И начал Джон хиреть,
И головой поник — совсем
Собрался умереть.
Слабей, желтее с каждым днем,
Все ниже гнется он...
И поднялись его враги...
"Теперь-то наш ты, Джон!"
Они пришли к нему с косой,
Снесли беднягу с ног
И привязали на возу,
Чтоб двинуться не мог.
На землю бросивши потом,
Жестоко стали бить;
Взметнули кверху высоко —
Хотели закружить.
Тут в яму он попал с водой
И угодил на дно...
"Попробуй, выплыви-ка, Джон
Ячменное Зерно!"
Нет, мало! взяли из воды
И, на пол положа,
Возили так, что в нем едва
Держалася душа.
В жестоком пламени сожгли
И мозг его костей;
А сердце мельник раздавил
Меж двух своих камней.
Кровь сердца Джонова враги,
Пируя, стали пить,
И с кружки начало в сердцах
Ключом веселье бить.
Ах, Джон Ячменное Зерно!
Ты чудо-молодец!
Погиб ты сам, но кровь твоя —
Услада для сердец.
Как раз заснет змея-печаль,
Все будет трын-трава...
Отрет слезу свою бедняк,
Пойдет плясать вдова.
Гласите хором: "Пусть вовек
Не сохнет в кружках дно,
И век поит нас кровью Джон
Ячменное Зерно!"
Влажная печать признаний,
Обещанье тайных нег —
Поцелуй, подснежник ранний,
Свежий, чистый, точно снег.
Молчаливая уступка,
Страсти детская игра,
Дружба голубя с голубкой,
Счастья первая пора.
Радость в грустном расставанье
И вопрос: когда ж опять?..
Где слова, чтобы названье
Этим чувствам отыскать?
В горах мое сердце... Доныне я там.
По следу оленя лечу по скалам.
Гоню я оленя, пугаю козу.
В горах мое сердце, а сам я внизу.
Прощай, моя родина!
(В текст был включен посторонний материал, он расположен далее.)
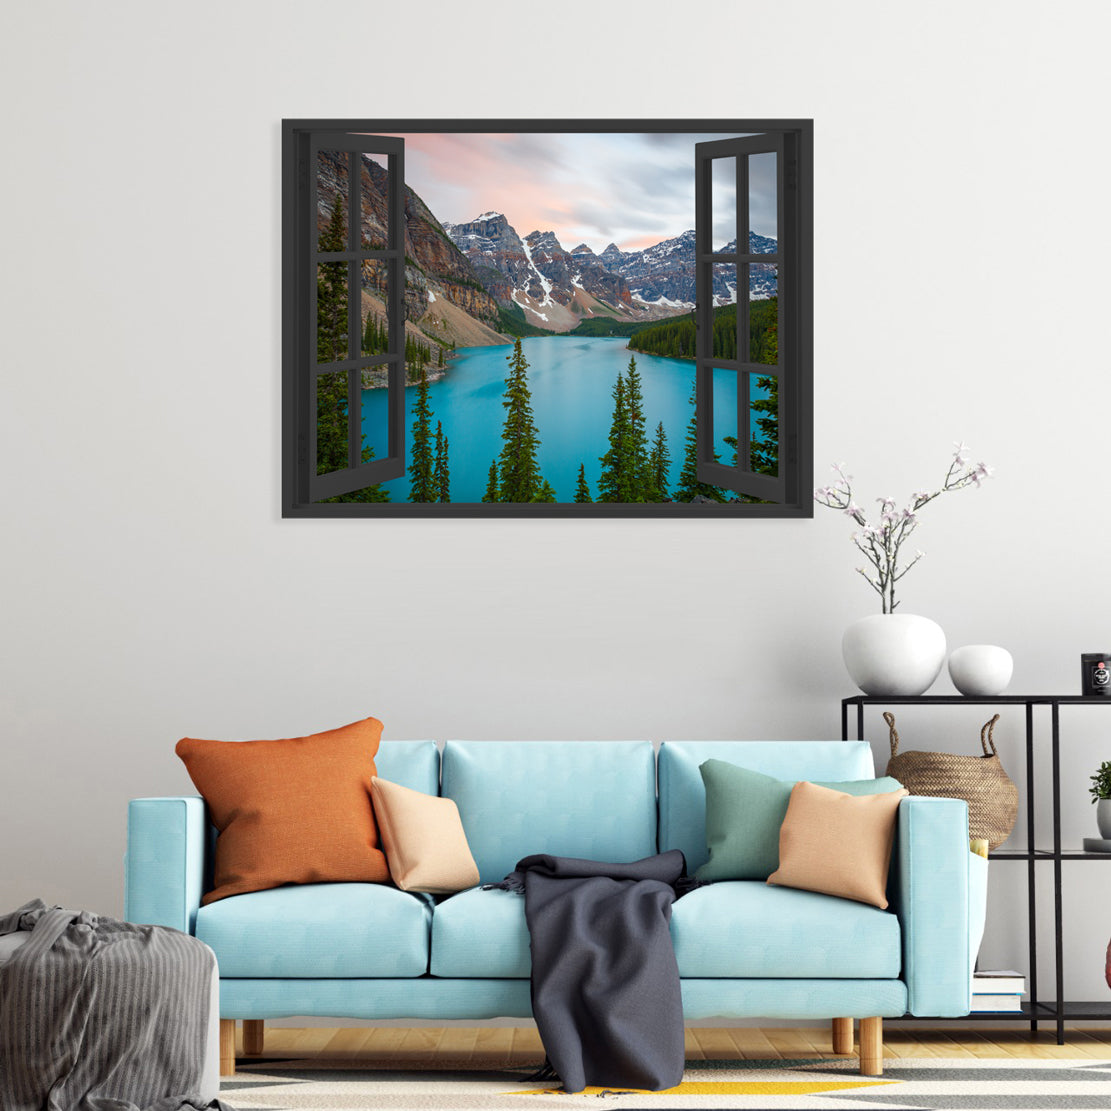 Wandbild Berge und See für Kategorie Wandbilder mit Landschaften und Natur

Север, прощай, —
Отечество славы и доблести край.
По белому свету судьбою гоним,
Навеки останусь я сыном твоим!
Прощайте, вершины под кровлей снегов,
Прощайте, долины и скаты лугов,
Прощайте, поникшие в бездну леса,
Прощайте, потоков лесных голоса.
В горах мое сердце... Доныне я там.
По следу оленя лечу по скалам.
Гоню я оленя, пугаю козу.
В горах мое сердце, а сам я внизу!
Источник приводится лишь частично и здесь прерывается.